Гвардеец Сергей Серебряков остался служить в главном штабе и скоро назначен был состоять при особе его сиятельства, фельдмаршала графа Петра Александровича, Румянцева-Задунайского. Служба, хотя отчасти и хлопотливая, но довольно почетная.

Как-то однажды граф Петр Александрович потребовал к себе Сергея Серебрякова.

Молодой адъютант, войдя в кабинет фельдмаршала, нашел его чем-то сильно встревоженным. На глазах у старика заметны были слезы.

– Ты ничего не знаешь, ничего не слыхал? – такими словами встретил граф Румянцев-Задунайский своего адъютанта.

– Нет, ваше сиятельство. Разве что случилось особенное?

– Да, да, особенное, ужасное, потрясающее?

– Смею спросить, ваше сиятельство, что такое?

– Князь Петр Михайлович Голицын, боевой генерал, краса всей армии, убит.

Голос у старика фельдмаршала задрожал.

– Как? Кем убит? – воскликнул, пораженный этим известием Серебряков.

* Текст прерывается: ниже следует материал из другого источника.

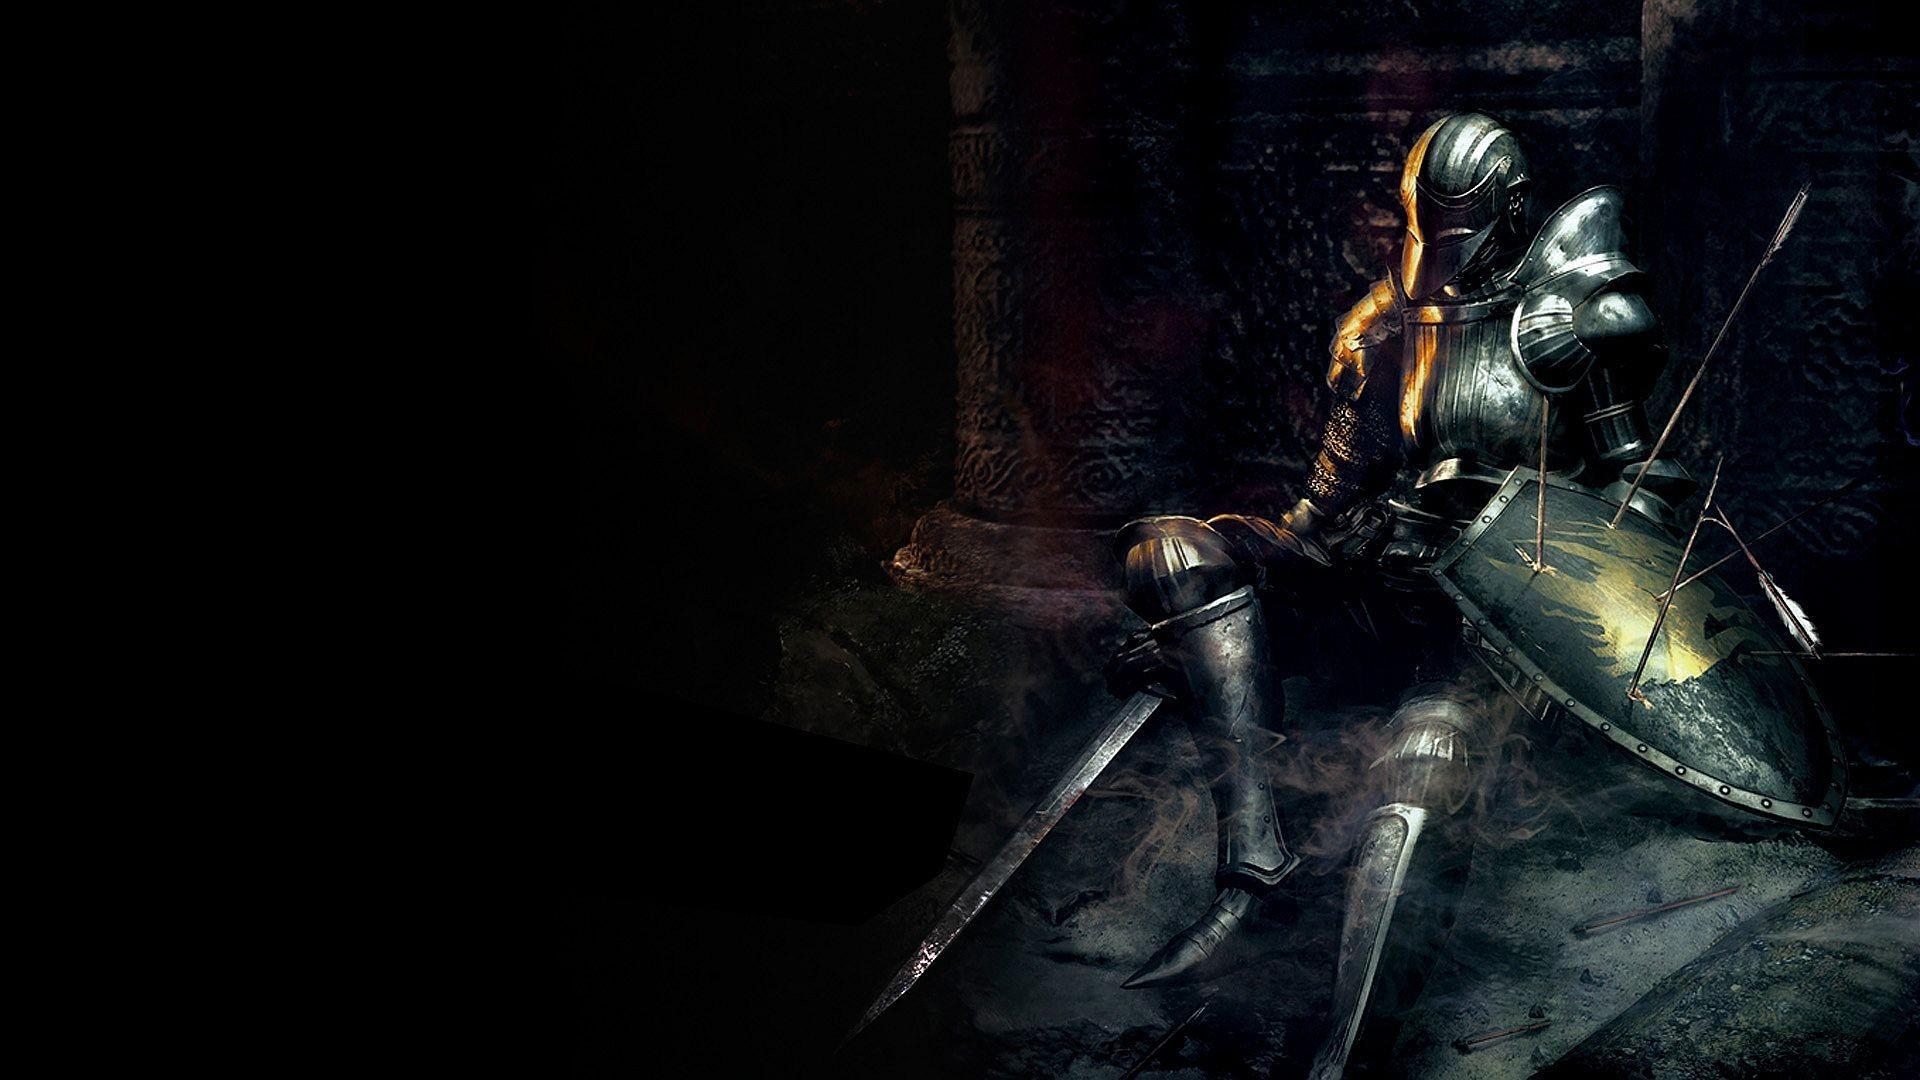 DEEP DOWN fantasy rpg dungeon crawler medieval fighting sci-fi .

Он хотя лично почти не знал убитого князя Голицына, но слышал много о нем хорошего.

– Убит на дуэли каким-то проходимцем, никому неведомым, будь он стократно проклят! О, какая великая утрата для армии, и не только для армии, а и для всего государства. Восхвалять убиенного я не буду, действия его, его храбрость, его самоотверженность и христианская любовь ко всякому человеку ясно, красноречиво говорят, каков он был человек.

– Но как же это, ваше сиятельство? Как могла состояться эта дуэль?

– Вот состоялась же. И секундантом, как пишут мне из Питера, у князя был Григорий Потемкин, выскочка – генерал карьерист.

– Я все более и более удивляюсь, ваше сиятельство, этой дуэли. Я слышал, князь обладал необыкновенной силой, был прекрасным стрелком и искусно умел владеть саблей, – задумчиво проговорил Серебряков.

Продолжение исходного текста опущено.